Beginning at the line containing "All of the ingredients", repeat each line below exactly up to and including the line containing "Individuals who have". Do not repeat the pictures.

BEGIN Material for this exercise

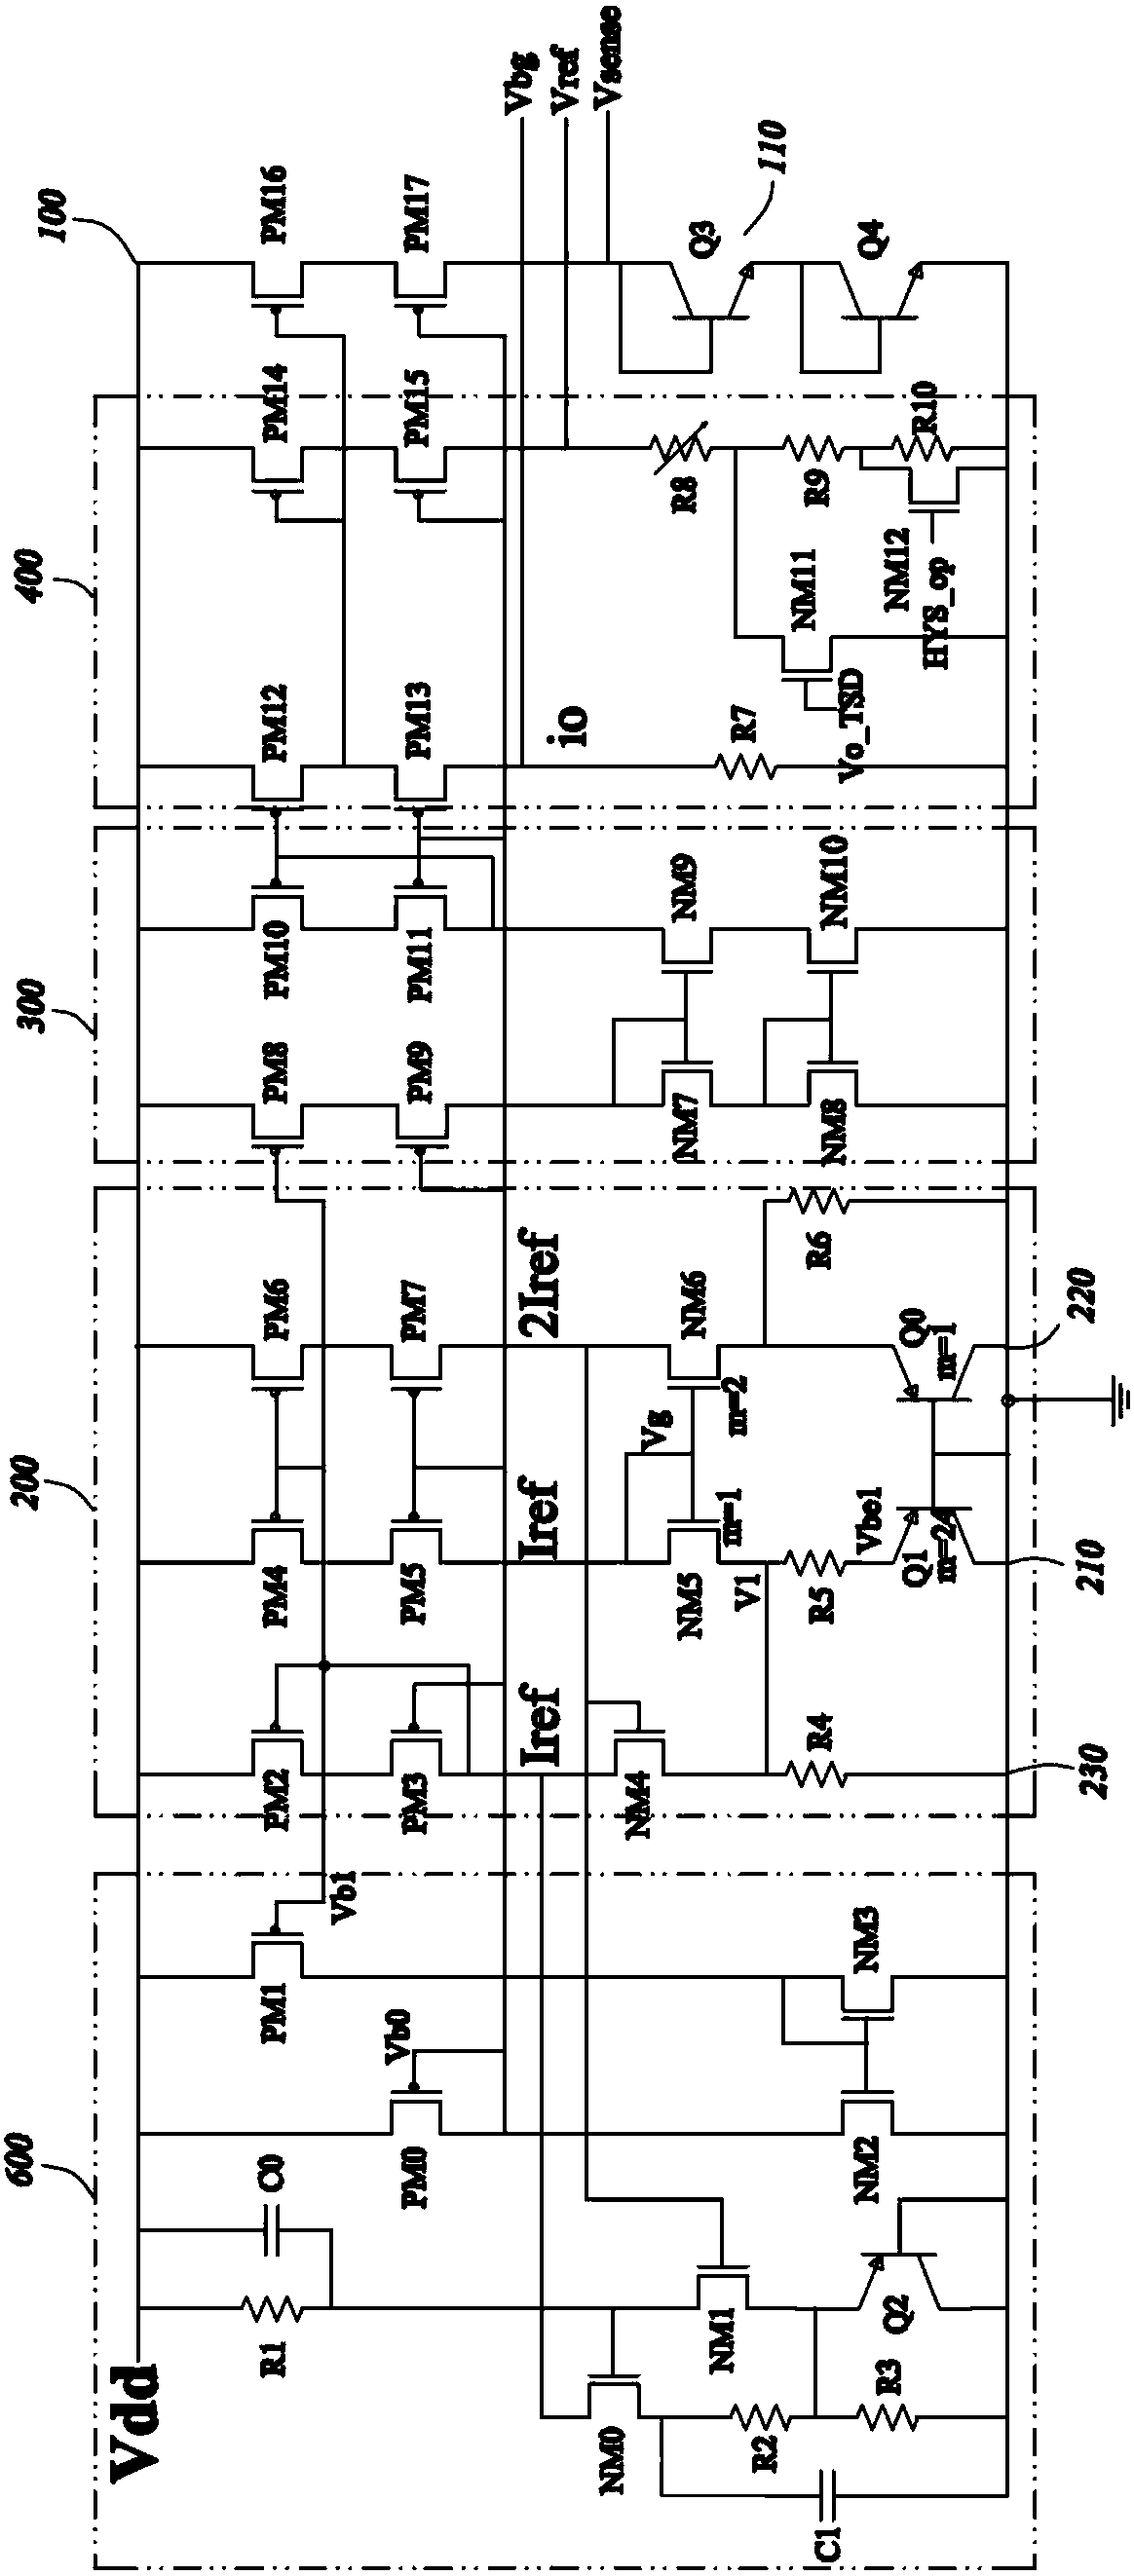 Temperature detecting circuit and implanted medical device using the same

END Material for this exercise
BEGIN Material for this exercise

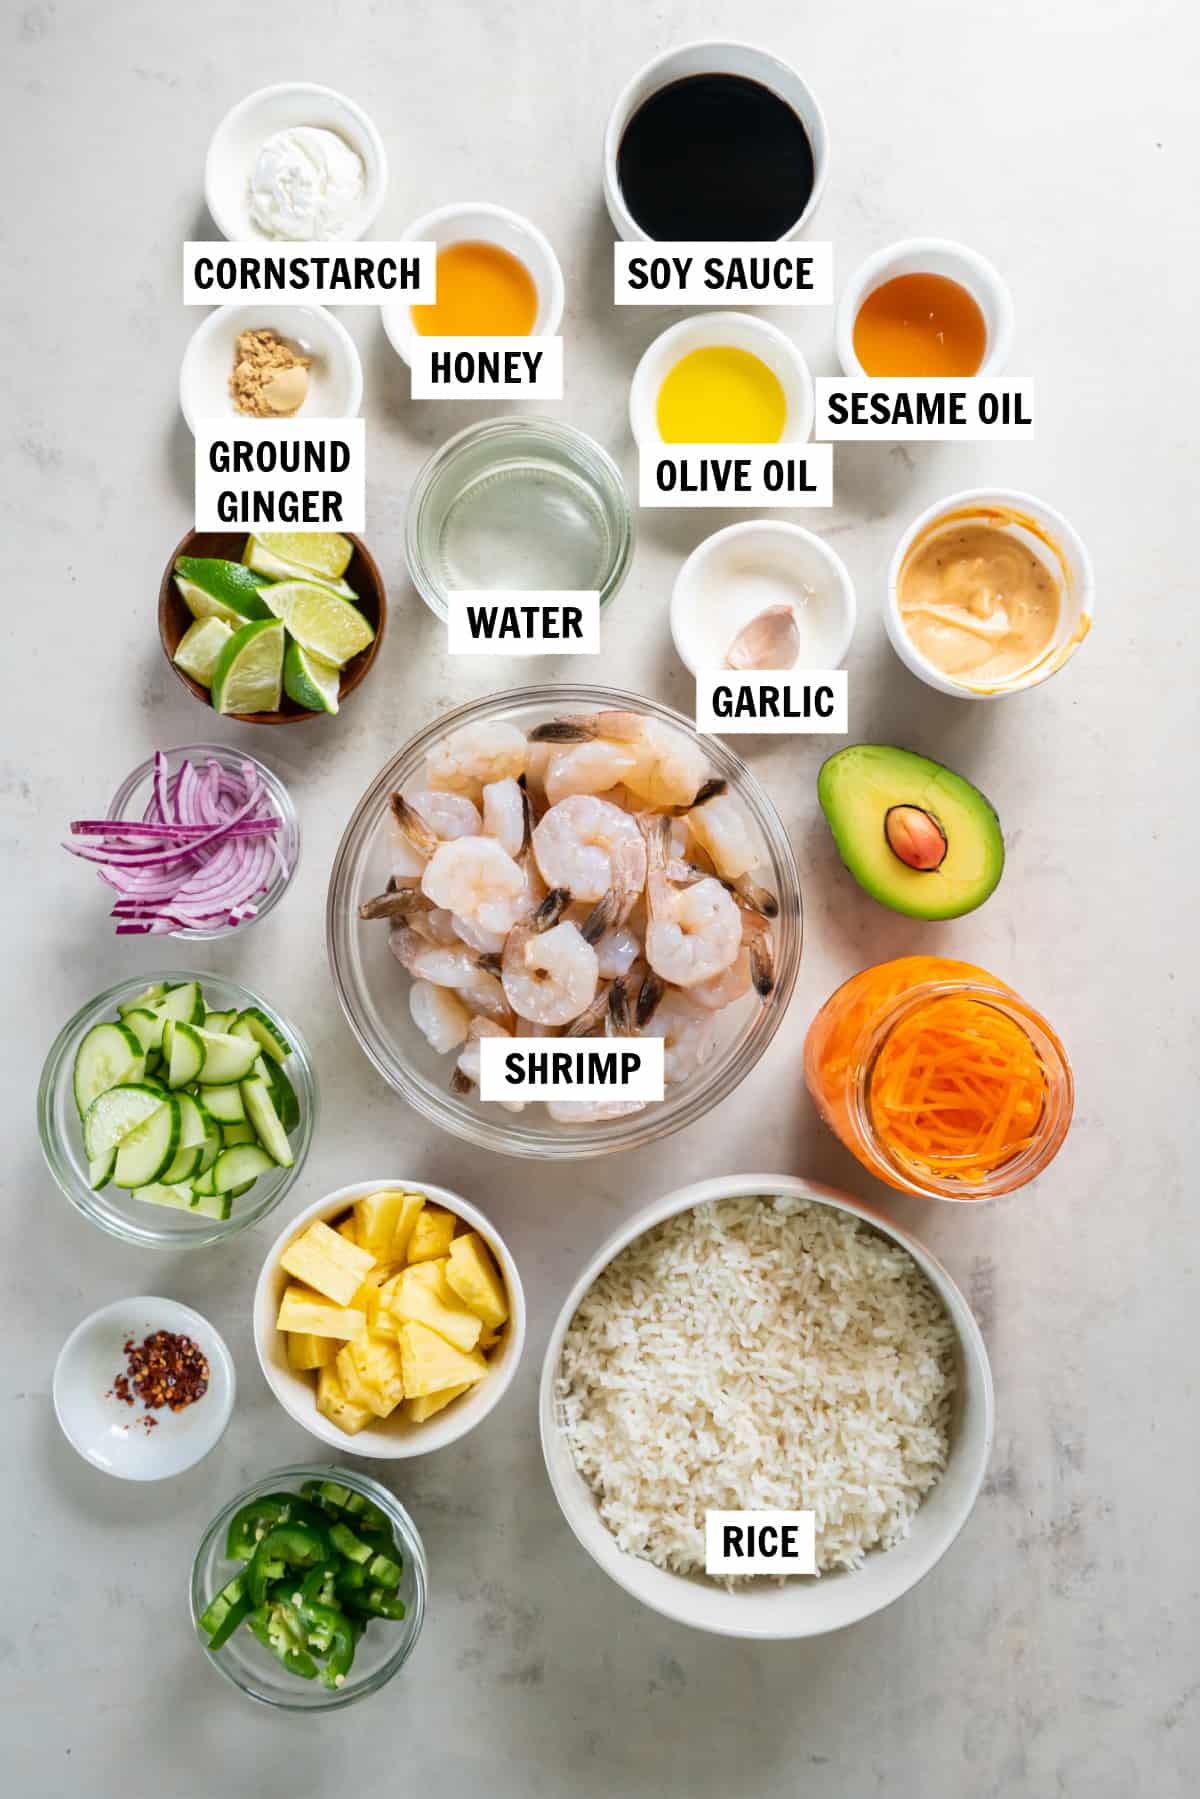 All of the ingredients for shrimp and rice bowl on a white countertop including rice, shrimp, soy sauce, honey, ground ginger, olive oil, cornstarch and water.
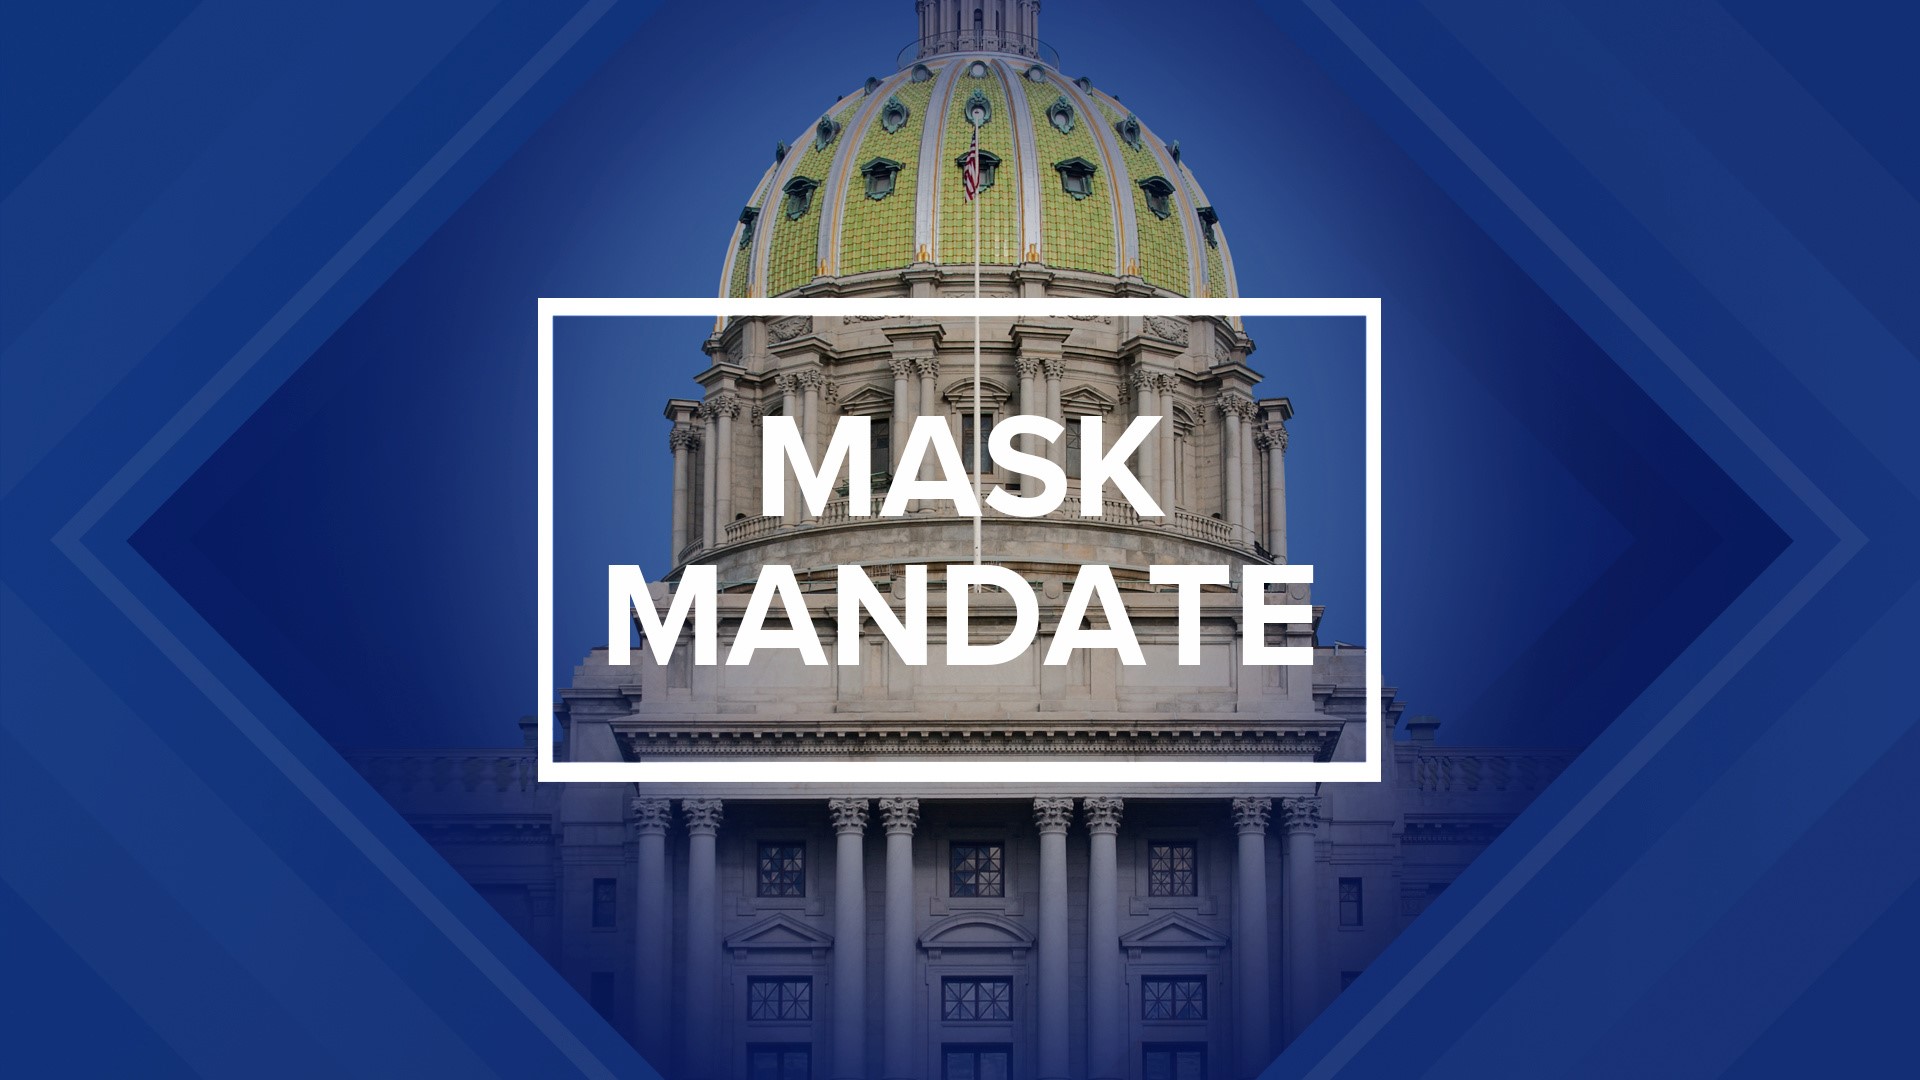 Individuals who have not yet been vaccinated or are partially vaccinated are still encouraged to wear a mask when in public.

END Material for this exercise

Result ::
 All of the ingredients for shrimp and rice bowl on a white countertop including rice, shrimp, soy sauce, honey, ground ginger, olive oil, cornstarch and water.
 Individuals who have not yet been vaccinated or are partially vaccinated are still encouraged to wear a mask when in public.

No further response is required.